[Start of Attachment]
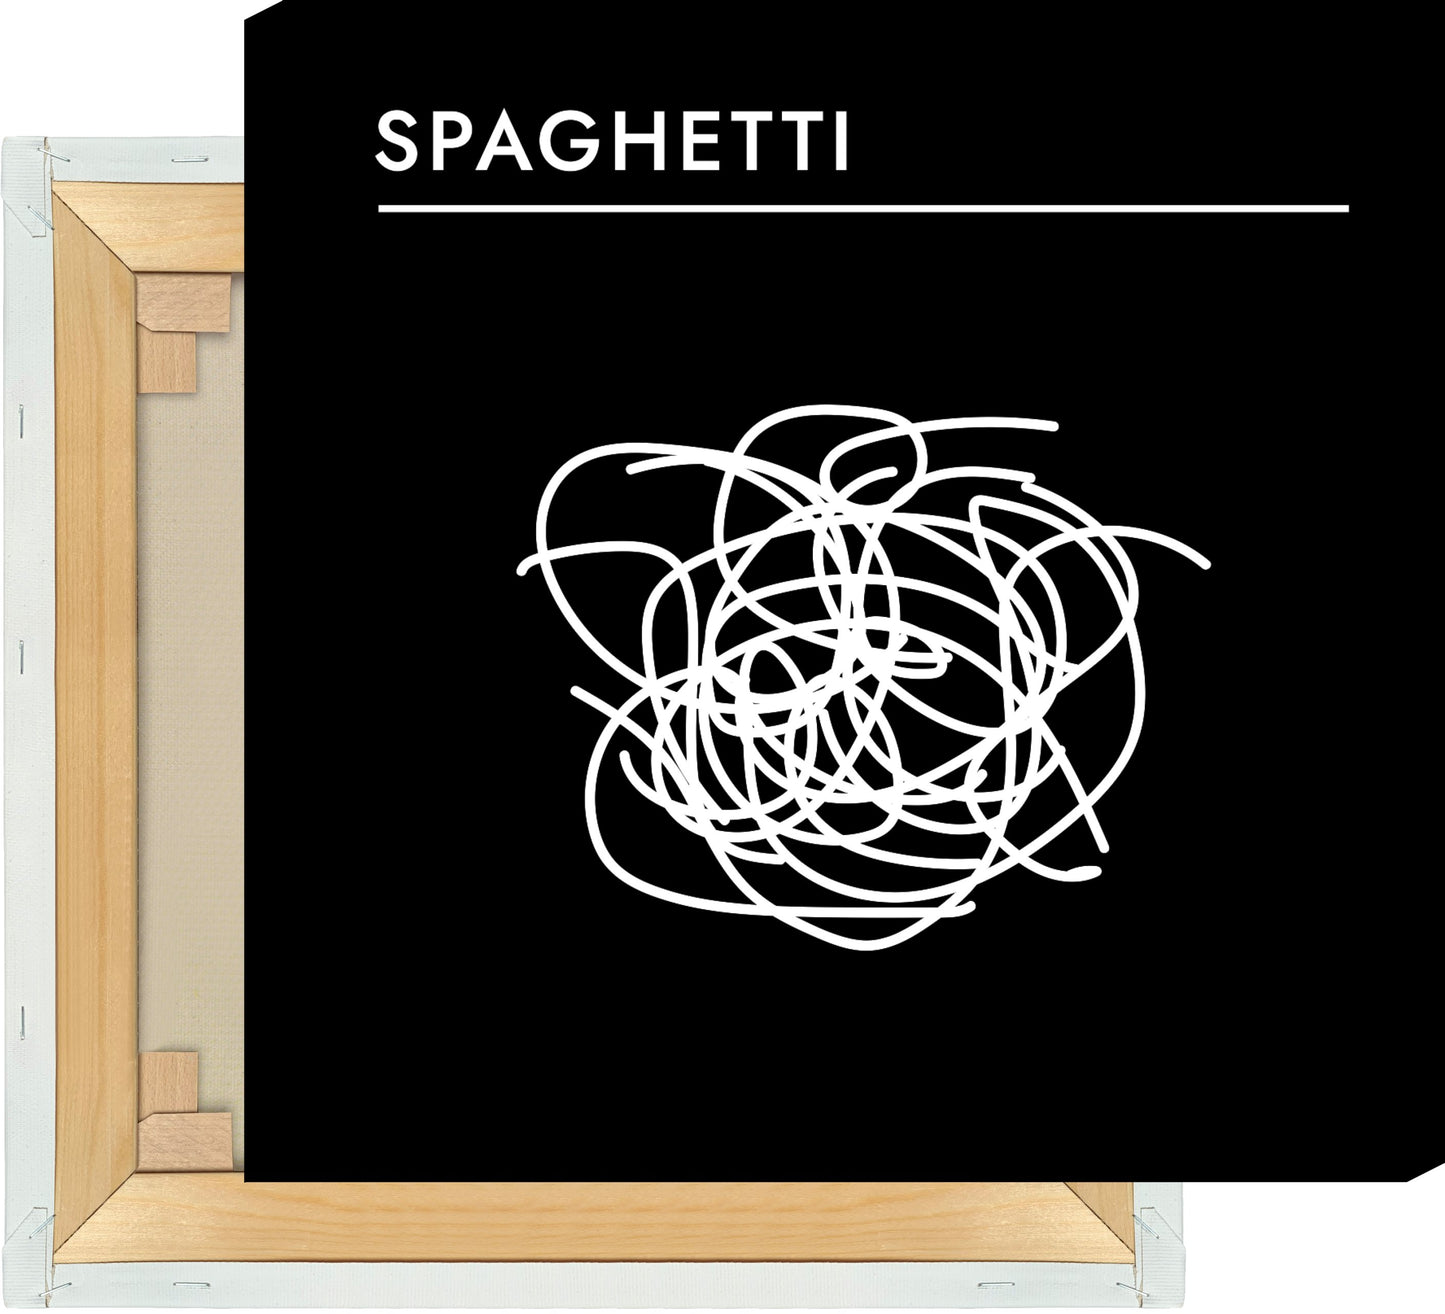 Leinwand Pasta - Spaghetti #1
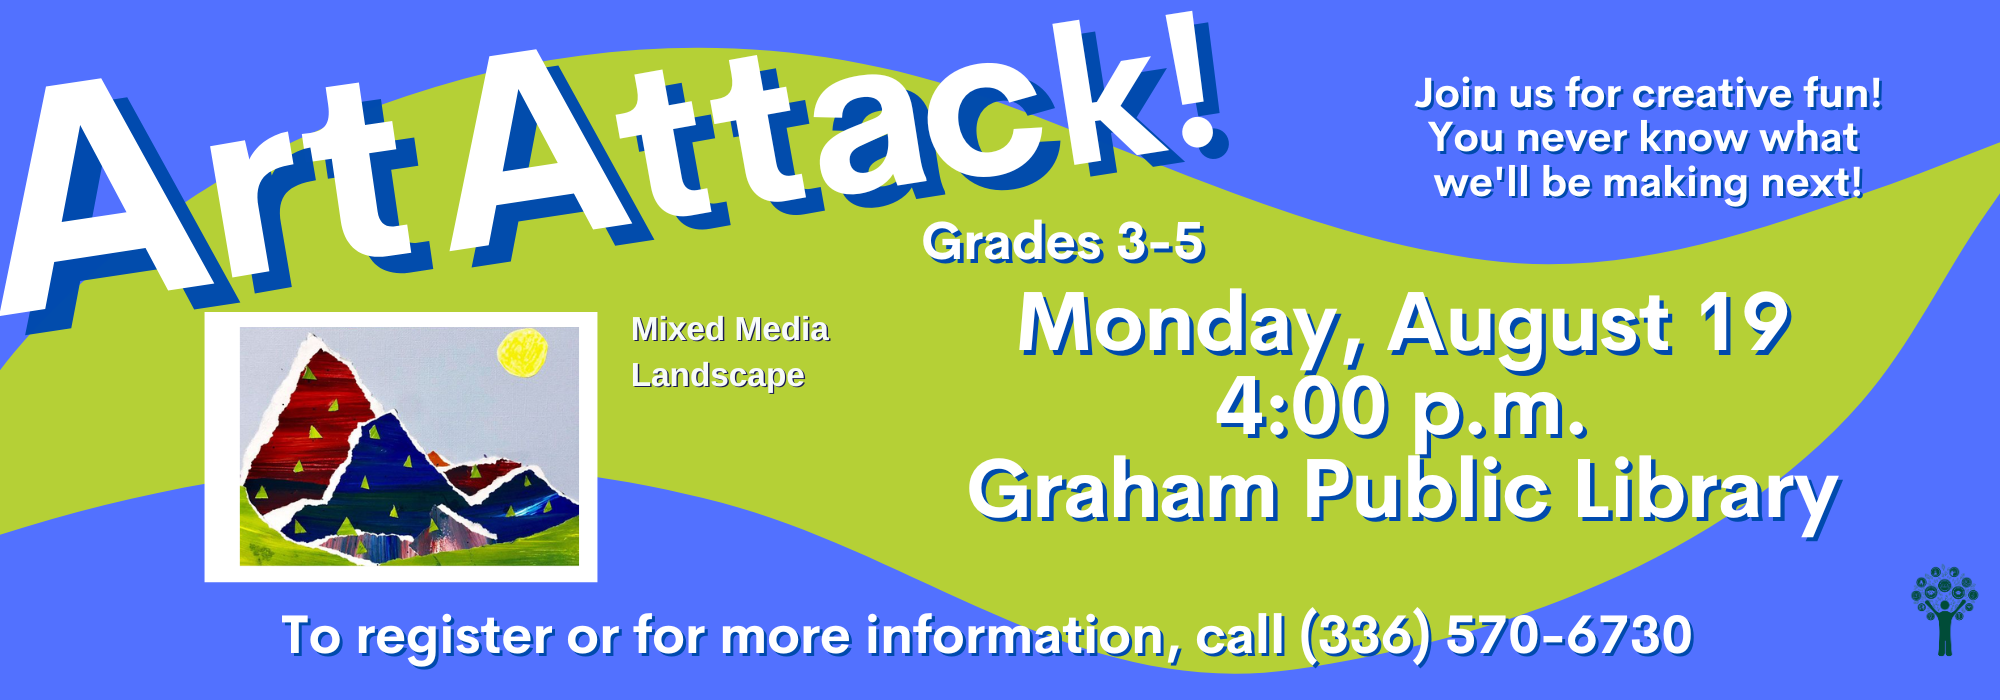 8.19 at 4 pm - Art Attack at Graham
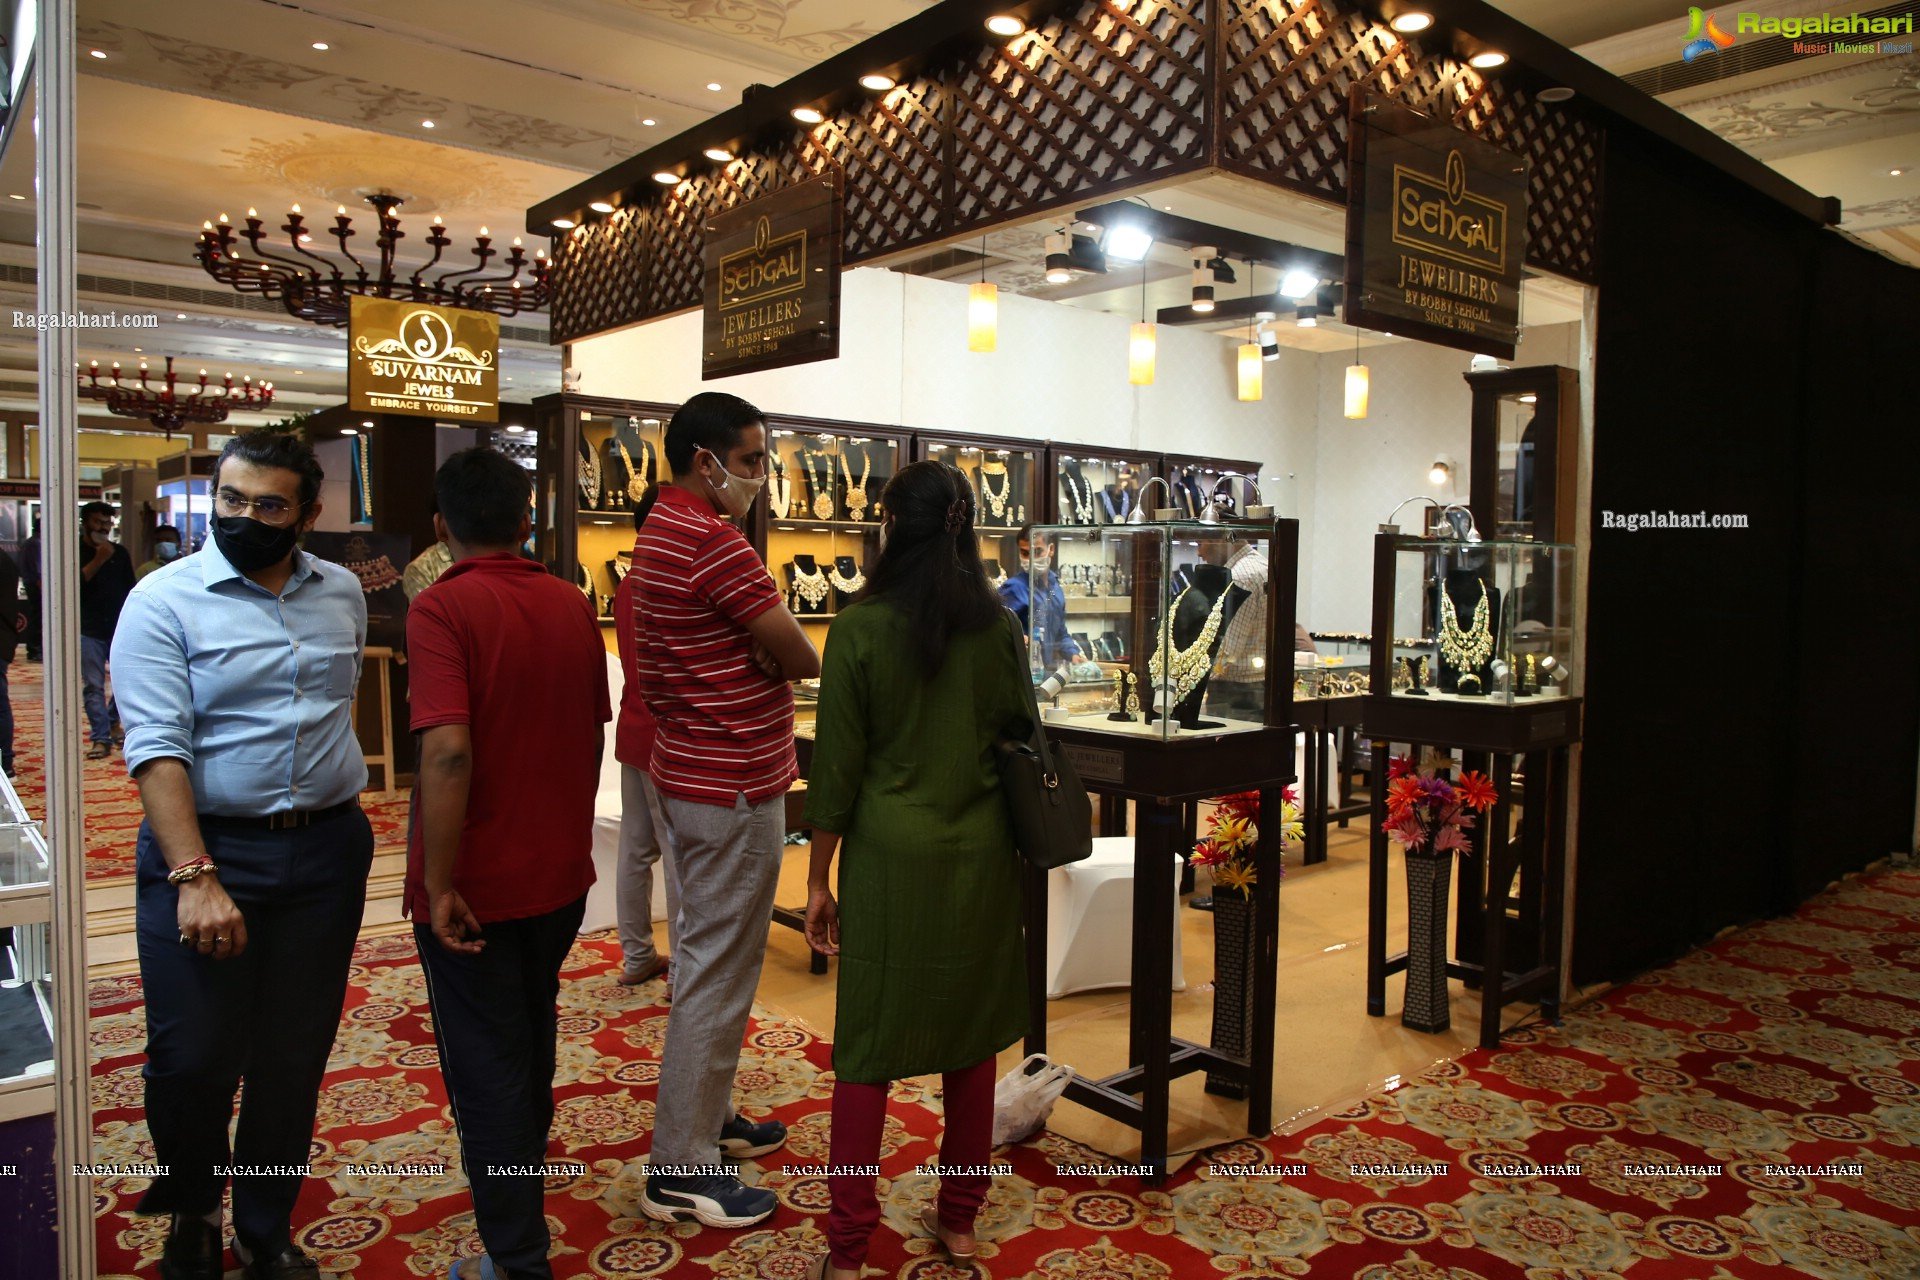 Zak Jewels Expo 136th Edition Kicks Off at Taj Krishna
[End of Attachment]
=== Try it ===
Because the copy must hold no pictures, return only the lines that run from the line containing "8.19 at 4 pm - Art Attack at Graham" to the end of the data above, each exactly as it stands.

=== Your response ===
 8.19 at 4 pm - Art Attack at Graham
 Zak Jewels Expo 136th Edition Kicks Off at Taj Krishna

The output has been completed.